Kelly turned to Hastings again. “I smacked you, lightly, because you’re jerking my chain, Billy. I ask you you’re sober, you know what I mean. Pills, the white stuff, whatever it is you shove down your throat or put up your nose. I wanna know you’re hearing what I have to say, understanding it. This is important, that you understand, because I’m hearing things from different people about your actions of late and it’s making a lot of guys you don’t wanna make nervous very nervous. Guys didn’t want me to secure your pension inna first place. Old friends of yours. Guys thought maybe you’d crack from the pressure and give one or two of them up. Guys thought, still do, maybe you’re better off onna day trip on one of the fishing boats behind us. In case they need some extra chum.”

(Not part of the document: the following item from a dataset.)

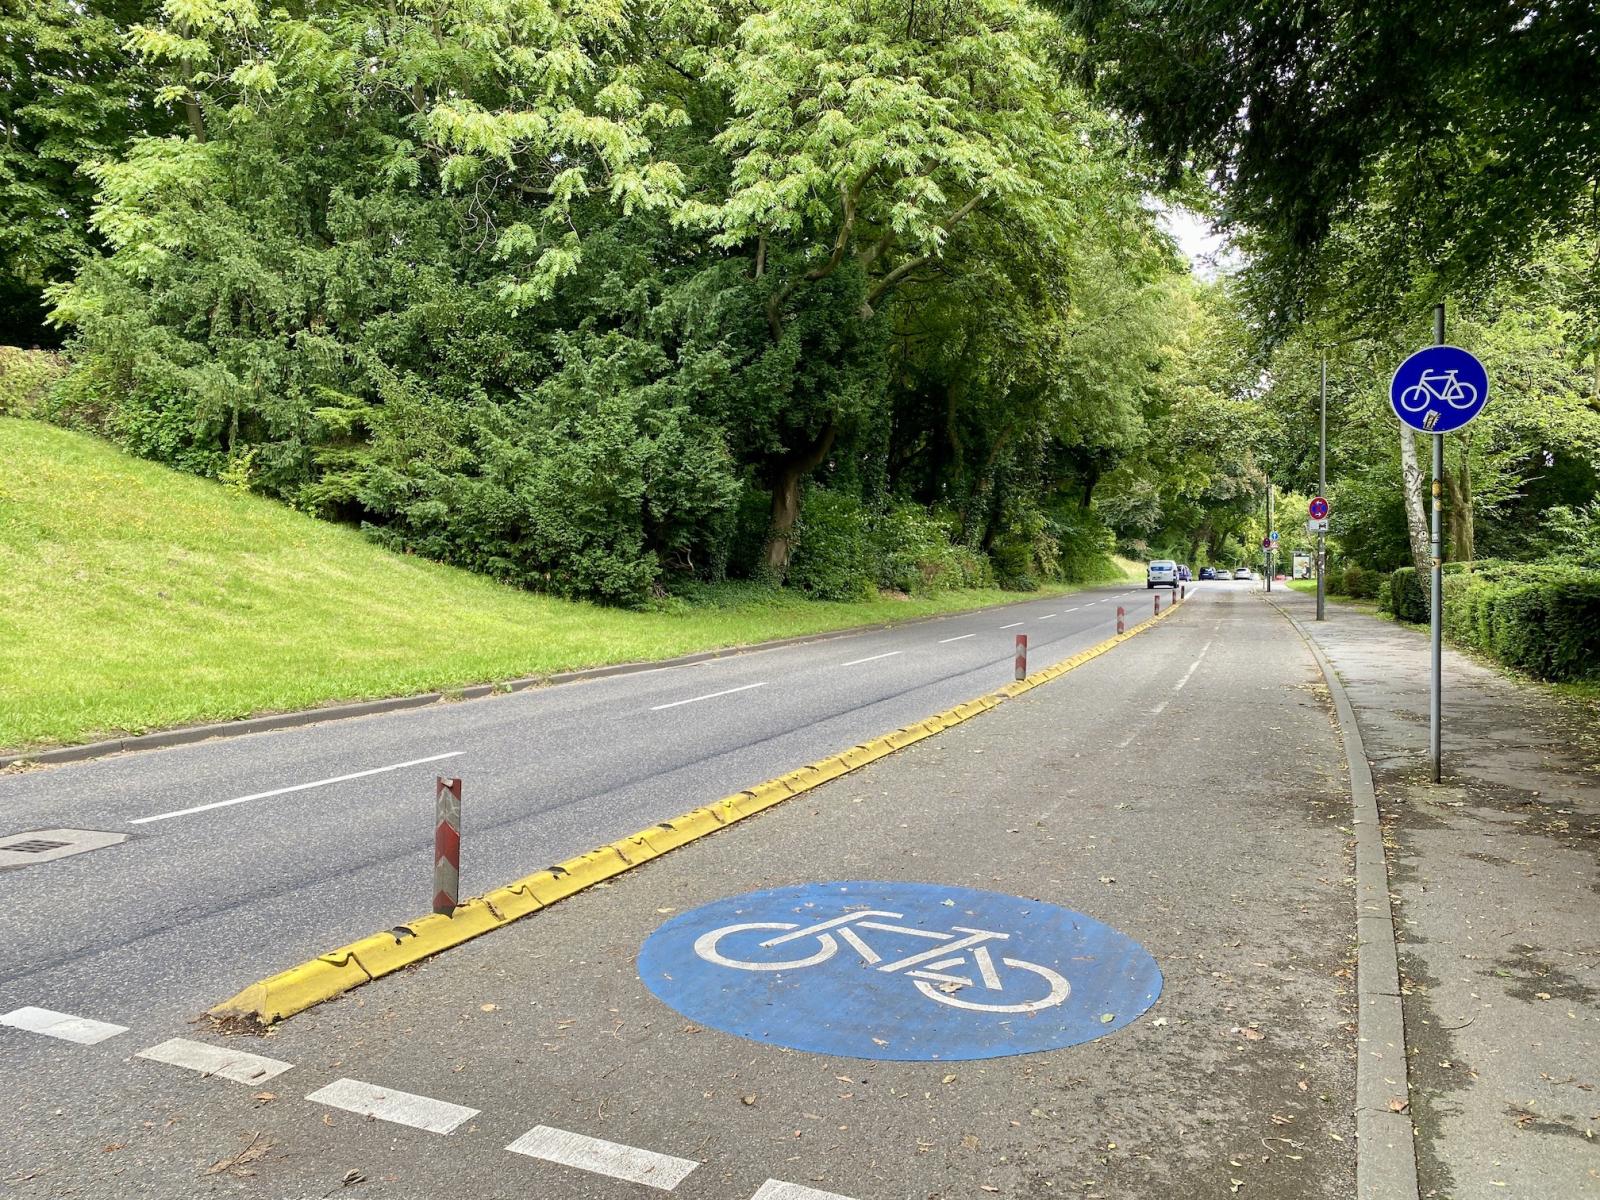 Bild: Beginn der Protected Bike Lane an der Saarstraße
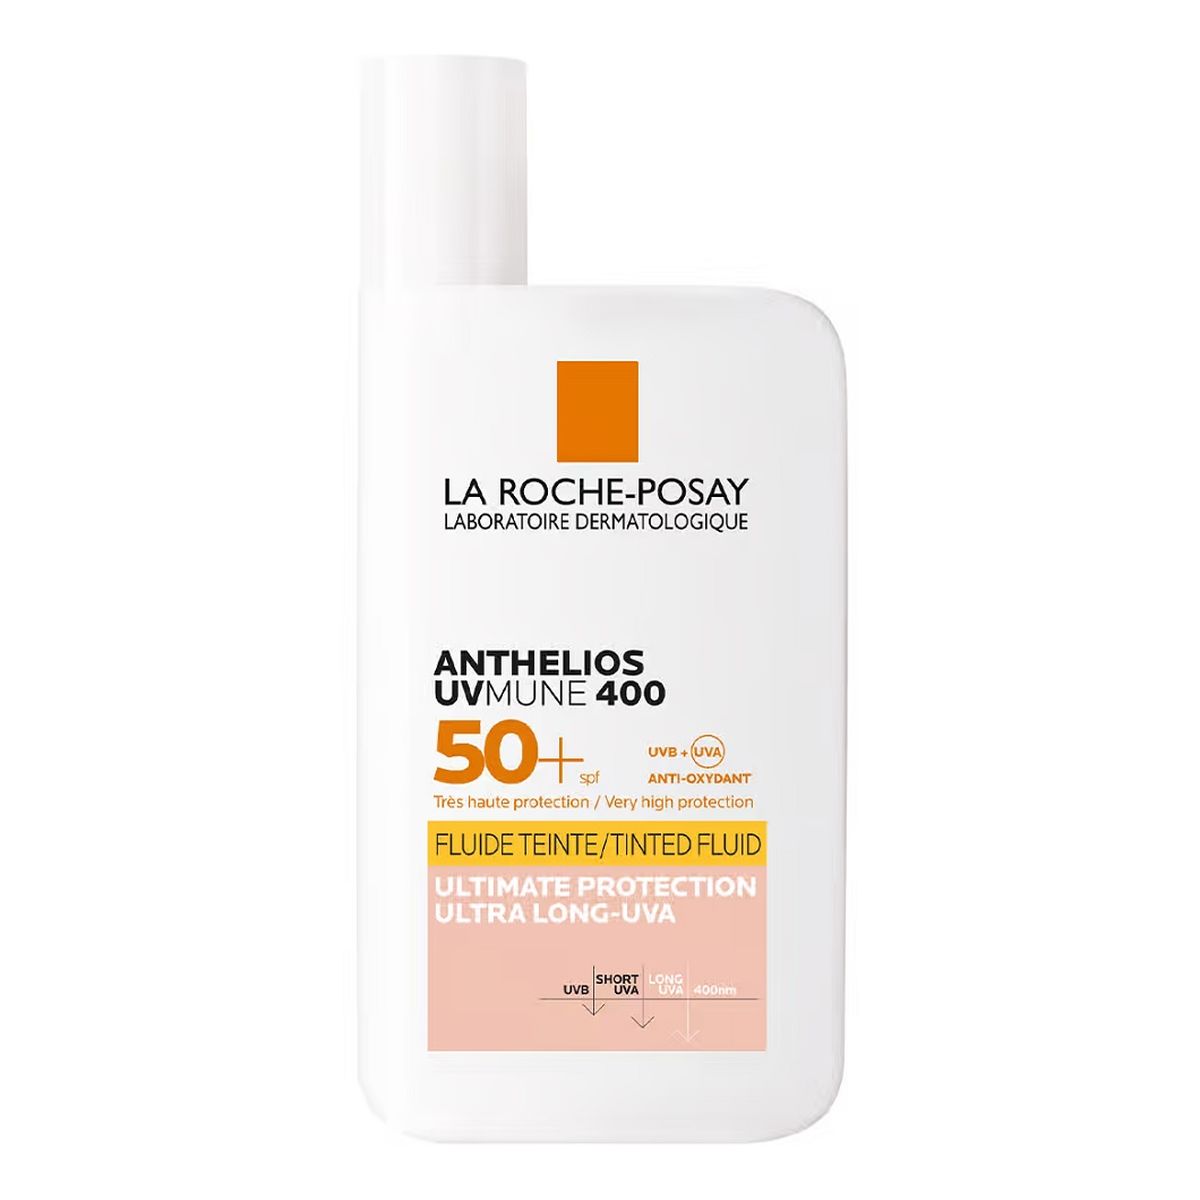 La Roche Posay Anthelios uvmune 400 barwiący fluid przeciwsłoneczny spf50+ 50ml

Until he was forced into retirement a week ago, Hastings had been an eleven-year veteran detective with the New York Police Department. A dirty cop with a drug habit and a deviant sexual appetite, Hastings had a short temper and an inability to control it. When he was caught on camera starting a fight in a connected bar, a fight he eventually lost, Lieutenant Detective Kelly assumed the role of peacemaker and brokered a deal with higher-ups for Hastings to leave the department without losing any of his pension or benefits. Tonight, after hearing a rumor about Hastings buying throwaway handguns, Kelly came to warn him against acting foolish.
Hastings remained silent.
Kelly offered him a cigarette.
“Sure,” Hastings said.
Kelly handed him his pack. “The point being,” he said, “your temper and tough-guy reputation aside, you’re looking for throwaways suggests you haven’t calmed the fuck down yet. A genuine fear you’re not yet willing to let sleeping dogs lie has stirred up some tension amongst former friendlies. I did what I could for you, Billy. So did some other people. You were more than lucky to walk away with your pension, the benefits. You could’ve done worse. A lot worse.”